*YOUR TASK*
The expected result is an exact restatement of the data, free of pictures.

BEGIN PROVIDED ENTRIES

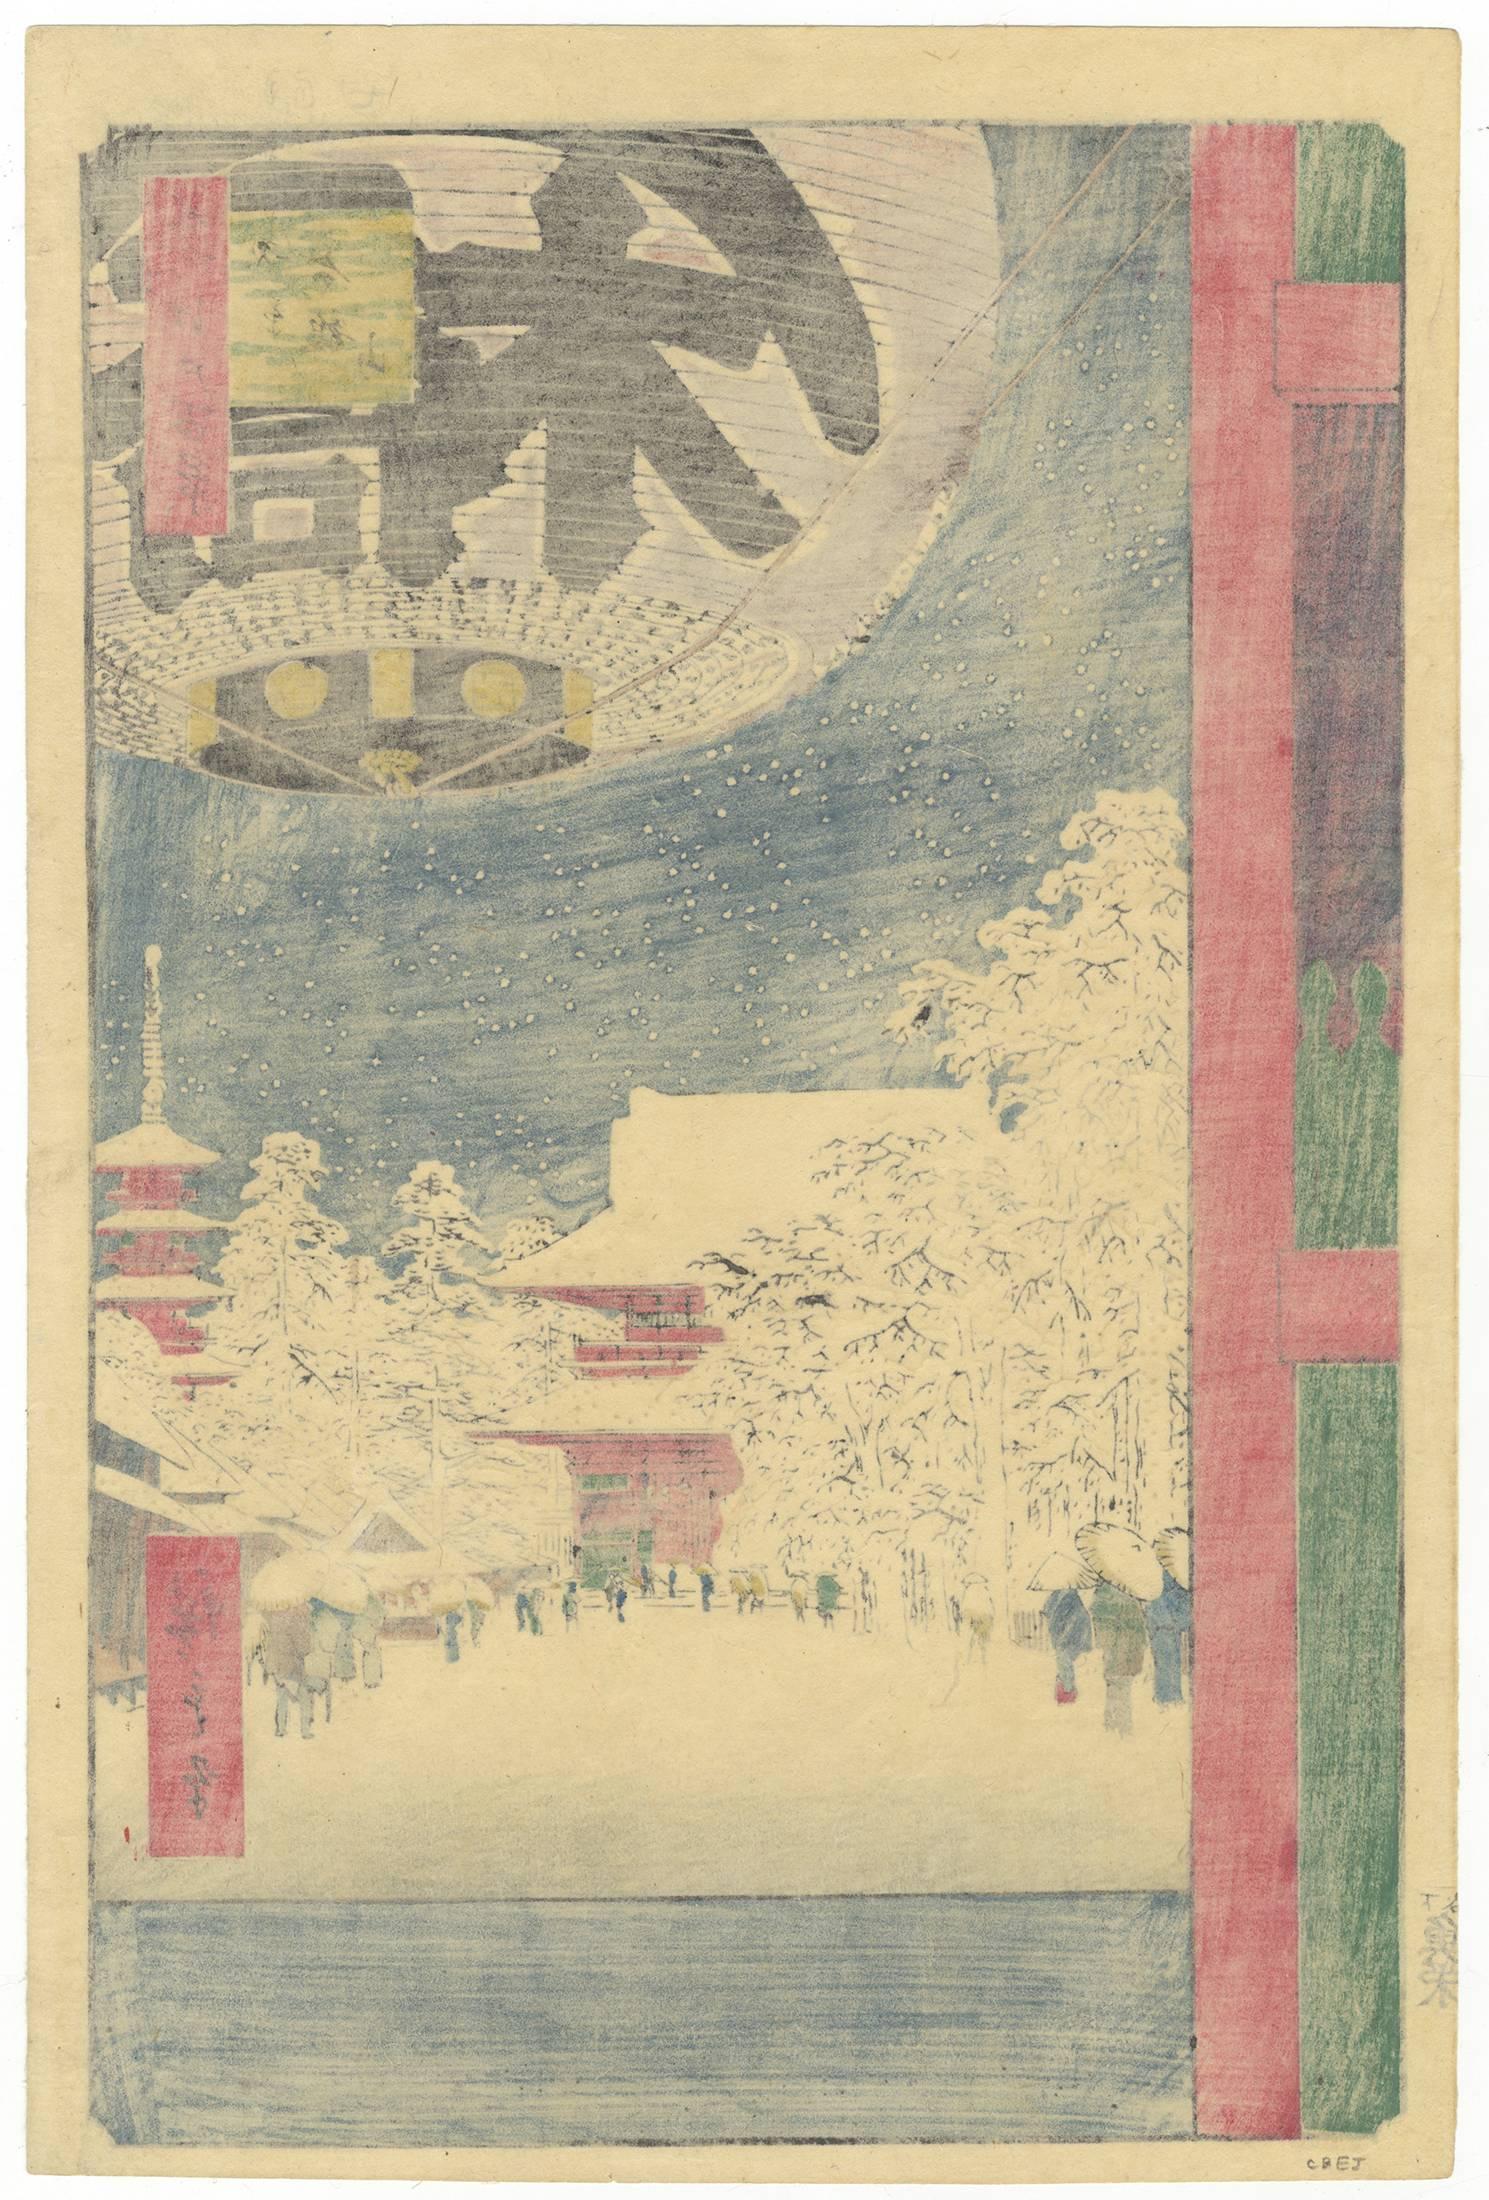 Artist: Utagawa Hiroshige (1797–1858)
Title: Kinryuzan Temple, Asakusa (Asakusa Kinryuzan)
Series: No. 99 from 'One Hundred Famous View of Edo'
Publisher: 
Published: 1856-1857

Hiroshige is considered one of the greatest Japanese printmaking

END PROVIDED ENTRIES

*WORKED SOLUTION*
 Artist: Utagawa Hiroshige (1797–1858)
Title: Kinryuzan Temple, Asakusa (Asakusa Kinryuzan)
Series: No. 99 from 'One Hundred Famous View of Edo'
Publisher: 
Published: 1856-1857

Hiroshige is considered one of the greatest Japanese printmaking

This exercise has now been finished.